The data basis is the pseudonymized German prescription data (according to § 300 SGB V) and outpatient claims data (according to § 295 SGB V). Since the processing of these data takes place within the framework of tasks of the regional ASHIP defined in the German Social Security Code SGB V, processing of the data is possible without a declaration of consent. Despite the fact that an ethics vote is not mandatory for secondary data analyses [12], it was obtained for the evaluation study in general from the Ethics Committee of the Rostock University Medical Center. Since no informed consent must be obtained before randomization, ElektRA has a real control group that is not aware of the study and the interventions. Distortions due to the Hawthorne effect are thus excluded. A selection bias can also be ruled out among the intervention participants, since not only GPs who are motivated and interested receive an intervention. For the evaluation, a total of at least 13 quarters are analyzed. To ensure that the prescribing behavior before the intervention can be examined sufficiently and independently of seasonal fluctuations, at least 8 quarters are used to determine the baseline. For the follow-up data from 5 quarters are available.

Participants

The Zi uses a summative score to determine potentially eligible GPs and GP practices based on German prescription and outpatient claims data before intervention (T0, October 2020–September 2022). The maximum score value is six. A GP or GP practice obtains one additional point if its own value in one of the aspects exceeds the 75% percentile of antibiotic prescribing within the respective region. Here, a region represents the area for which a participating ASHIP is responsible. In Germany, there are in total of 17 of those regions, 9 of which are participating in this study. For inclusion, more than two points are necessary. The aspects listed in Table 1 are used for score formation.

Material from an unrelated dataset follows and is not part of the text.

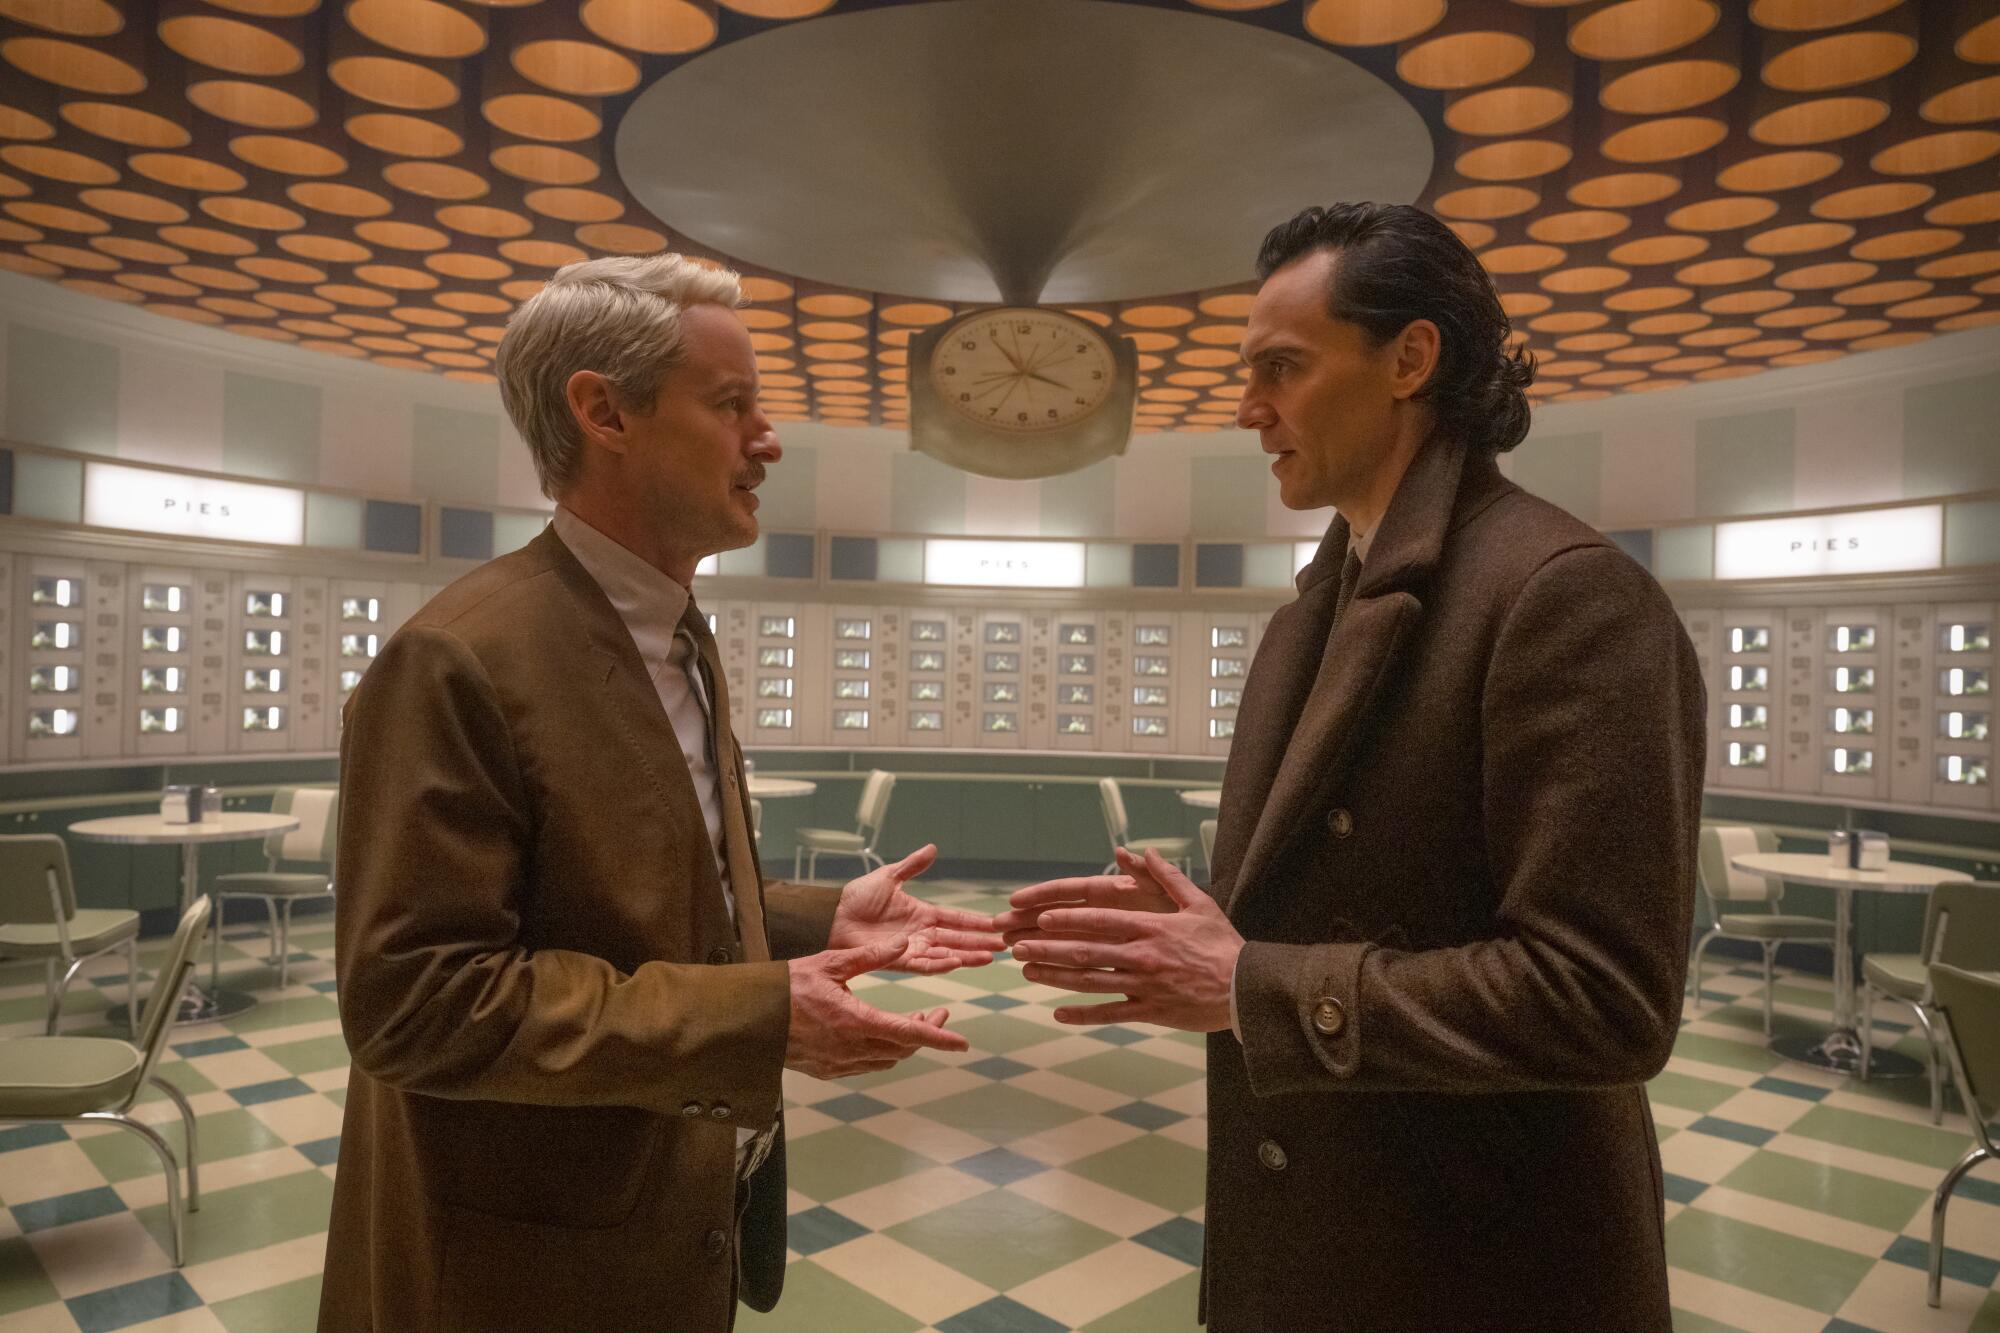 A gray-haired man in a brown suit speaks to Loki in an empty green and white diner.

Table 1 Aspects considered for score formation

After identification, the GPs or GP practices meeting the inclusion criteria are randomized and stratified by region. As identification is based on pseudonymized data, an independent trust center will generate study pseudonyms that will enable all participating regional ASHIP and the Zi to communicate about identified entities and allow the ASHIP to re-identify these eligible GPs or GP practices and contact them. The Zi on the other hand will always exclusively work with pseudonymized data to compile all further analyses, e.g., those necessary for providing GP-specific prescription feedback. Physicians who have already participated in the RESIST Innovation Fund project [13] are excluded because they have already received e-learning on optimizing antibiotic prescribing.

Recruitment

Nine regional ASHIPs participate in the trial (Baden-Württemberg, Bavaria, Bremen, Hesse, Lower Saxony, North Rhine, Saarland, Schleswig-Holstein, Westphalia-Lippe). Based on the procedure described above, eligible GPs will be contacted by their respective regional ASHIP with a letter containing social norm feedback and in case of intervention groups B and C an invitation to participate in an online training or an online peer-moderated training.

Randomization

Randomization into four groups (control group and three intervention arms A-C) will be stratified by regional ASHIP and will be carried out by the Zi that is not involved in study conduct and implementation. For randomization, the sql-code, which assigns a random number to all included GPs, is used. The individual GP-random number combinations, ranging from ni to m (number of all GPs that need to be included), are sorted according to the following scheme: If the random number is between 1 and n1, the corresponding GP is assigned to Group A (n1= defined number of GPs in that group), if it is between n1+1 and n2, the GP is assigned to Group B. The procedure for group C and the control group is analogous, whereas m-ni describes the size of the control group. GP-random number combinations greater than m are not assigned to any group.

Blinding

Participating GPs will be blinded in the sense that they are not informed about the study and the different interventions. Due to the use of routine health data, patients will not be aware of study participation and data collection. Statisticians will be blinded, but not study staff.

Control group

GPs randomized to the control group will not be contacted or informed about the study. Hence, they will treat their patients as usual.

Interventions

We test three interventions against the control group: (A) personalized feedback on own prescribing behavior in comparison to GPs of the region within a visual attention-grabbing graph (social norm feedback), (B) feedback like (A) plus an invitation to participate in the project’s own online training (eLearning) on rational prescribing practice and communication strategies, and (C) feedback like (A) plus an invitation to participate in an online peer-moderated training in quality circle format on the topic of rational antibiotic prescribing, communication strategies, and development of individual starting points for a sustainable behavior change. In detail, the interventions are designed as follows:

Group A receives personalized, individual prescription feedback, which compares the GP’s prescription behavior relative to colleagues in the region. This is complemented by a simple but appealing graph of one’s own prescription quantity compared to the average prescription rate of peers in their region (social norm feedback). This shall encourage to critically question one’s own prescribing behavior.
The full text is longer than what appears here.